Young Broadcasting, once – but no longer – a forward-thinking TV company, just filed for bankruptcy under the crushing $13 $1-billion debt load. This follows the bankruptcy of cable company Charter and, of course, TV-station-owner Tribune company. And let’s not forget radio giant Clear Channel, with $19 billion in borrowing, tapping its last-resort debt and Sirius-XM (whose stock I own) nearing bankruptcy while even Muzak crosses the line.
We’ve been wringing hands over newspapers and magazines but TV and radio aren’t far behind. Broadcast is next.
It’s a failure of distribution as a business model. Distribution is a scarcity business: ‘I control the tower/press/wire and you don’t and that’s what makes my business.’ Not long ago, they said that owning these channels was tantamount to owning a mint. No more. The same was said of content. But it’s relationships (read: links) that create value today.

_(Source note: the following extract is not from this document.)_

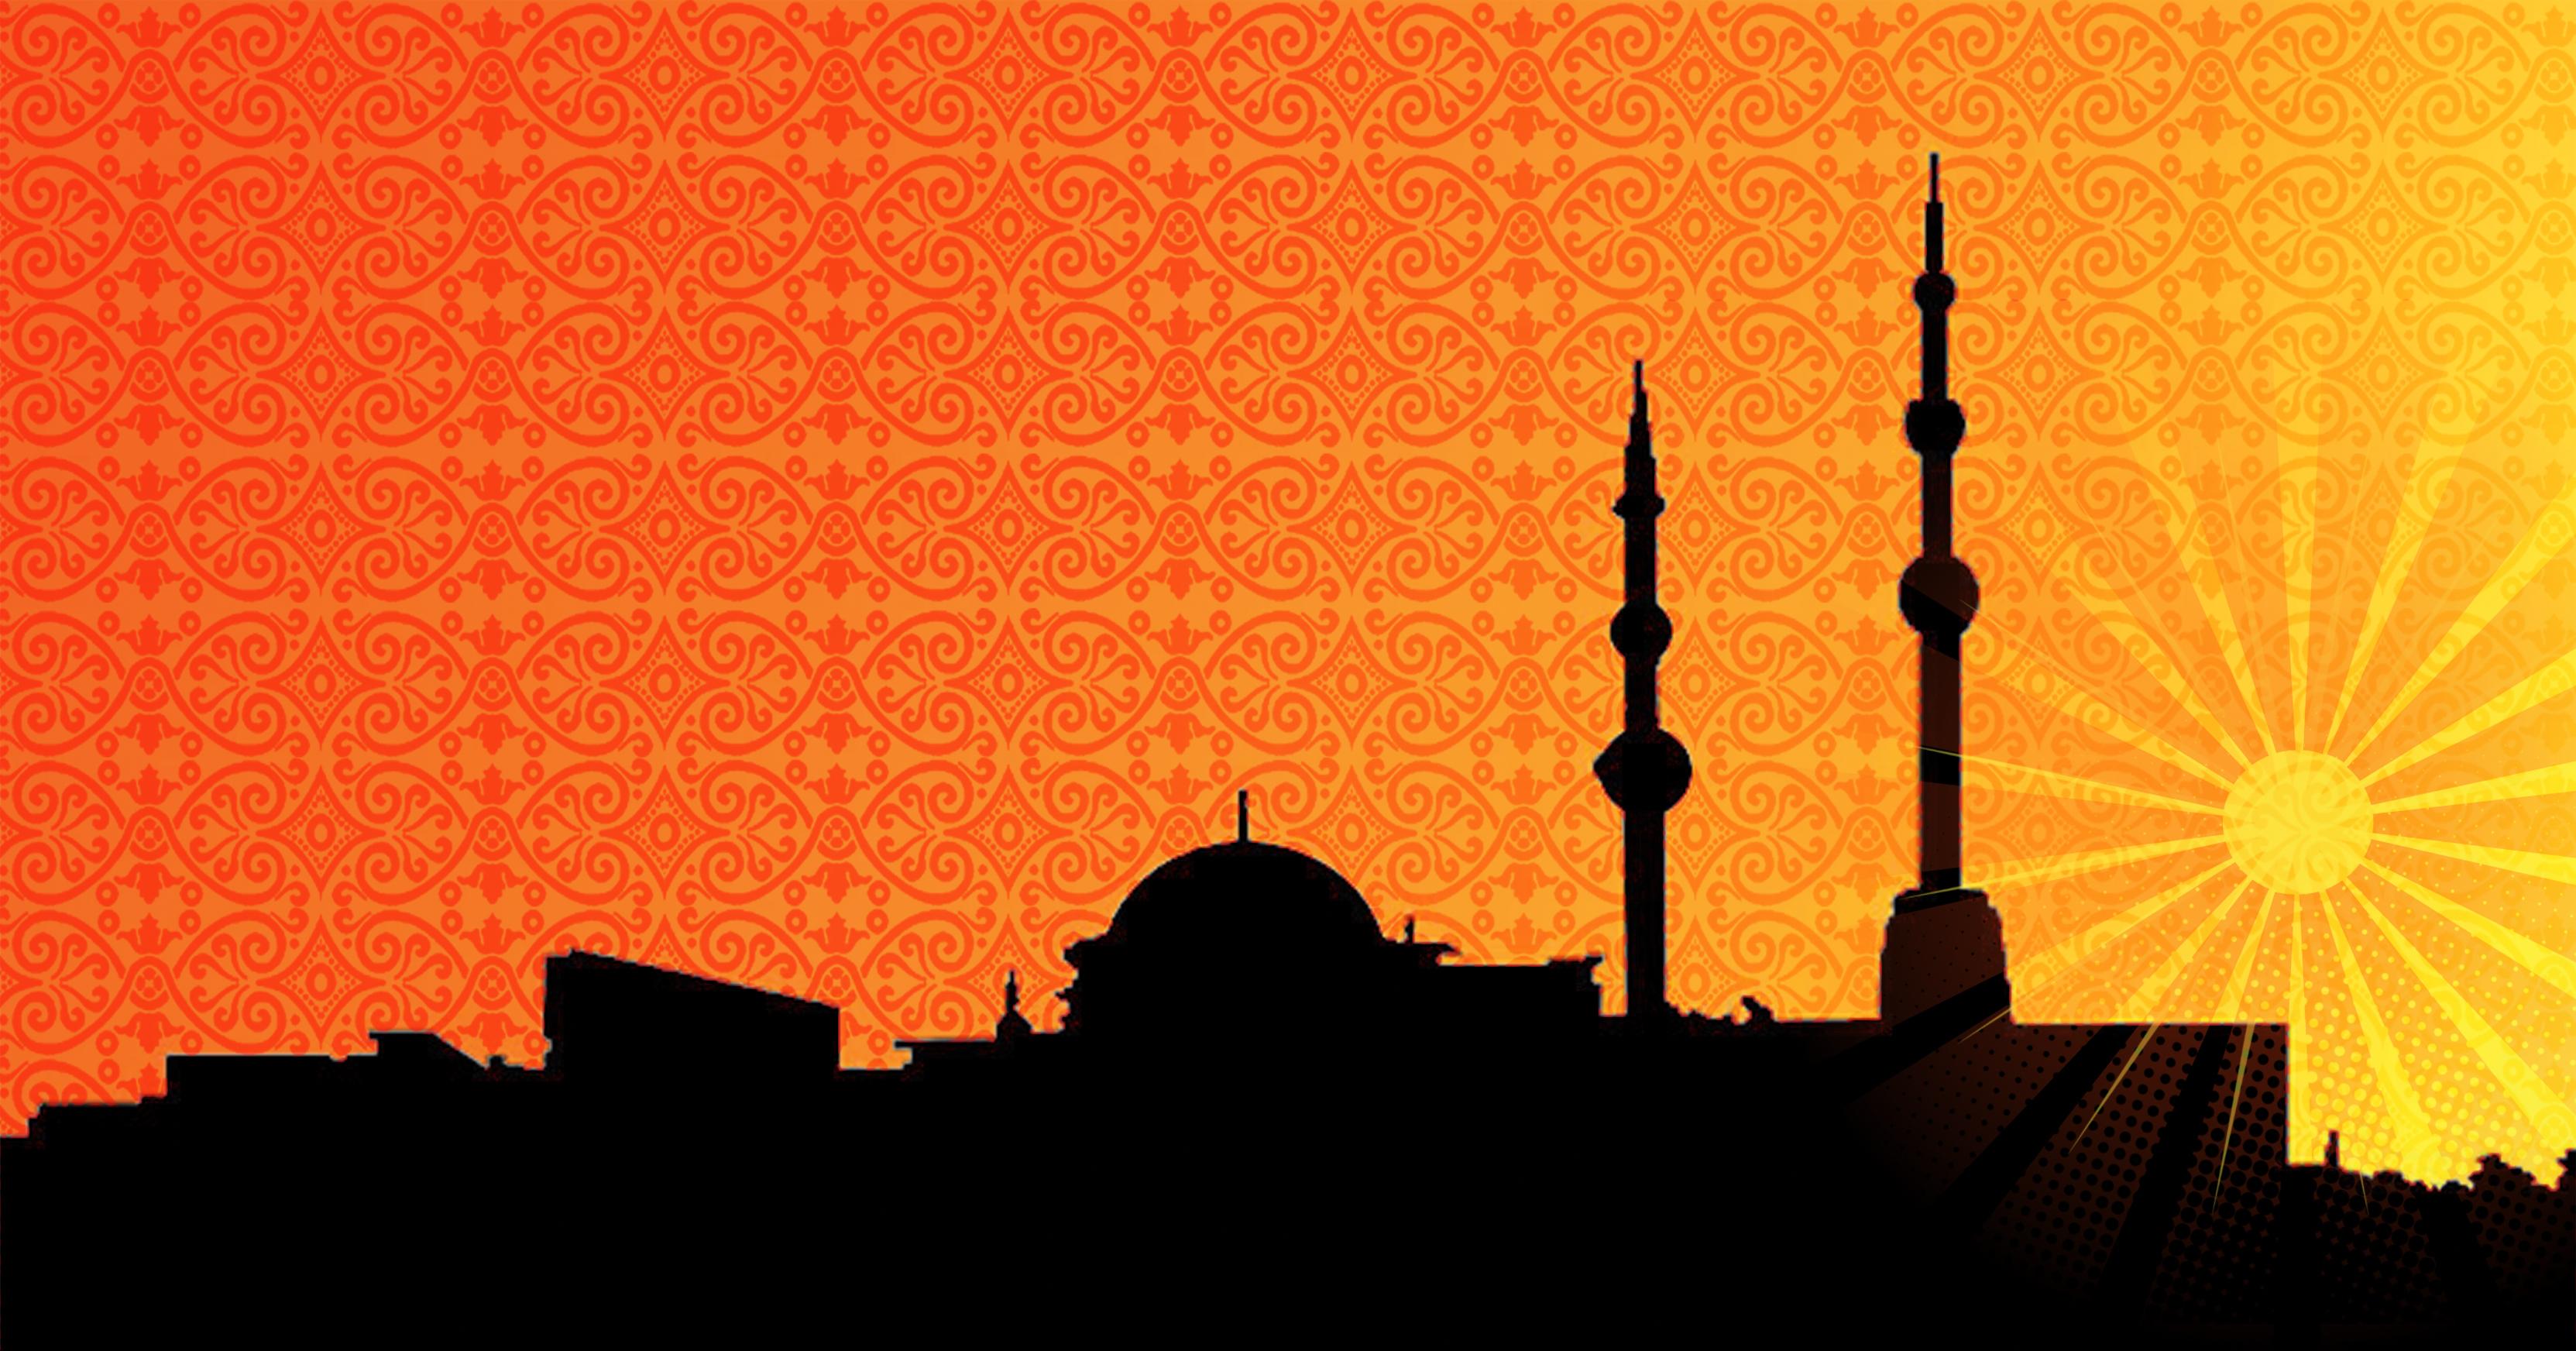 Holidays___Ramadan_Sunrise_in_Ramadan_056451_

Young tried to build relationships, once upon a time. At WKRN in Nashville, Mike Sechrist did amazing work starting blogs, buildilng relationships with bloggers, training the community in the skills of the TV priesthood. But he left and all that disappeared. Been there, done that, I can imagine executives saying as they try to stuff the hole in the dike with borrowed dollars. Didn’t work.
The local TV and radio business, once a privilege to be part of, is next to fall. Timber.